O TRIBUNAL Superior Eleitoral (TSE) insiste. Em resposta a uma consulta administrativa, os ministros da corte afirmaram nesta semana que deputados que trocaram de sigla após a eleição poderão perder o mandato. A tese já fora prenunciada numa outra consulta, respondida em março, quando o TSE disse que o mandato obtido em eleição proporcional pertence ao partido, e não ao parlamentar.
Esta manifestação desencadeou uma chuva de ações no Supremo Tribunal Federal, propostas por siglas de oposição que tentam apoderar-se das cadeiras de deputados federais que abandonaram a agremiação depois de eleitos. A corte máxima ainda não se pronunciou sobre o assunto. No total, 32 membros da Câmara já trocaram de partido na presente legislatura, nove deles depois da consulta de março.
Poucos contestam a idéia de que é preciso reforçar os mecanismos de fidelidade partidária. Fazê-lo daria maior densidade ideológica às agremiações e as tornaria mais confiáveis nas negociações com o governo. Só que há os meios certos e os errados de implementar essa mudança. O TSE escolheu uma via ruim.
Numa democracia, até a mais necessária das reformas precisa ser adotada observando-se determinados ritos. Cabe ao Legislativo aprovar leis.
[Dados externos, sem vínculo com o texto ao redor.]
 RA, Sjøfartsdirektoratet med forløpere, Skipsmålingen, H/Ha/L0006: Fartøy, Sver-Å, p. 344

O TSE não deveria, em resposta a uma simples consulta, criar normas que não estavam explícitas nos códigos.
Para que um parlamentar perca o cargo se deixar a legenda pela qual foi originalmente eleito, é preciso que os interessados sejam informados da existência de tal regra antes de sua aplicação. Assim dispõe o princípio do "Nulla poena sine lege" (não há pena sem lei anterior que a defina).
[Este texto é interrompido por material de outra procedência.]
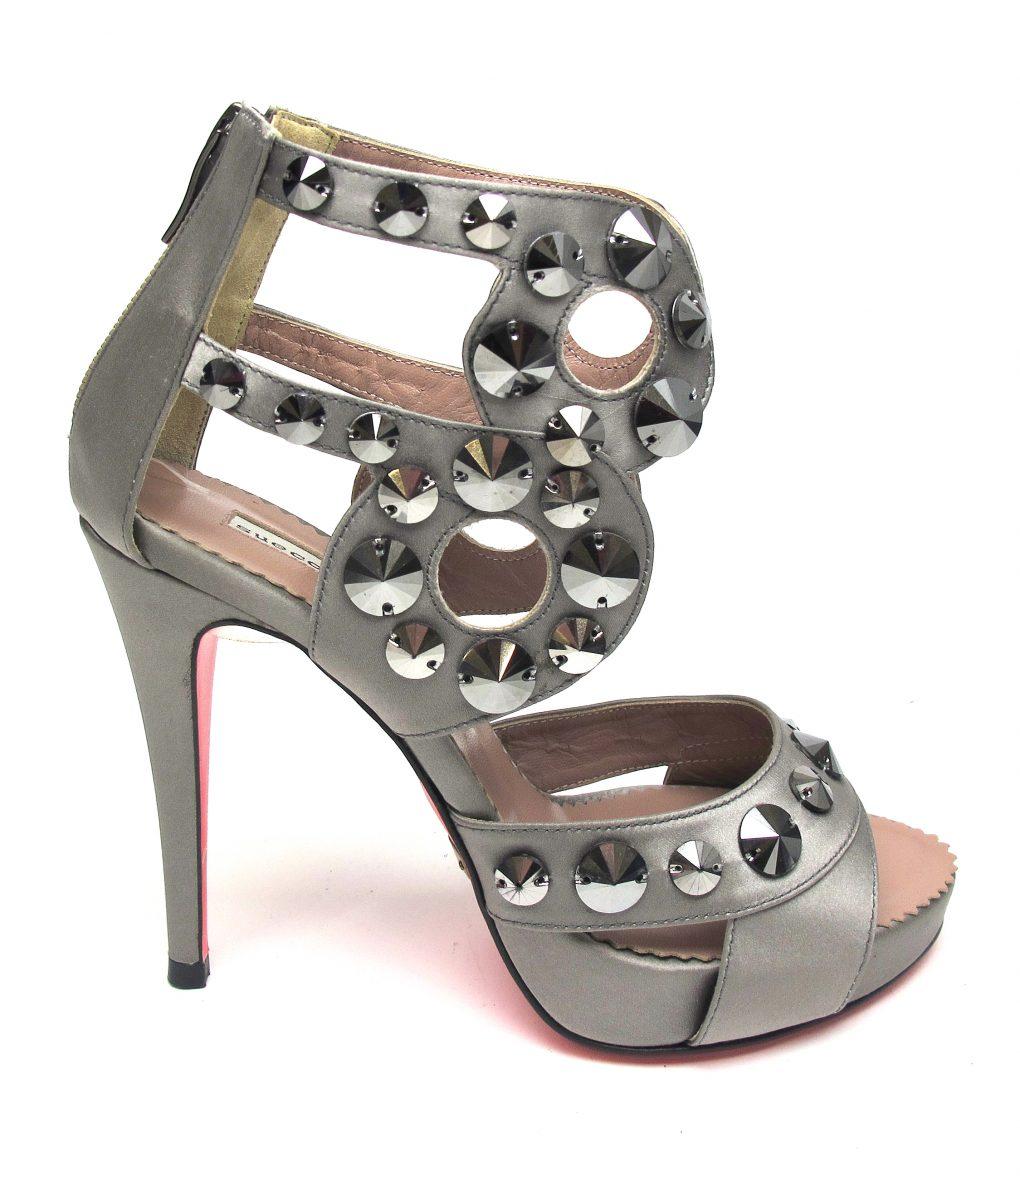 Suecomma Bonnie metallic Pewter & Swarovski Gladiator heels

A decisão do TSE, se encontrar guarida no Supremo, não só permitirá que parlamentares sejam cassados retroativamente como ainda que venham a sê-lo por adotar práticas sancionadas desde sempre pelos usos e costumes políticos e pelos próprios tribunais, que jamais incomodaram nenhum congressista trânsfuga.
Daí não decorre que, nessa história toda, deputados sejam vítimas injustamente perseguidas por juízes com tendência a usurpadores. A decisão dos ministros do TSE se explica em parte pelo descompasso entre as leis eleitorais e os justos reclamos da população por mudanças, as quais não ocorrem porque não convêm aos interesses particulares da maioria dos parlamentares.
Tramitam no Congresso vários projetos que reforçariam a fidelidade partidária. O mais interessante deles, que tem o apoio desta Folha, é o que estenderia para quatro anos o prazo mínimo de filiação partidária para que um cidadão possa candidatar-se. No caso de um deputado, o custo de trocar de legenda seria abrir mão da reeleição. Trata-se de mecanismo com alto potencial de inibir o vaivém entre legendas preservando, ao mesmo tempo, o direito à discordância.
Lamentavelmente, propostas como essa -que requer aprovação por maioria simples para tornar-se lei- não são chanceladas porque subtrairiam dos deputados o "direito de trair".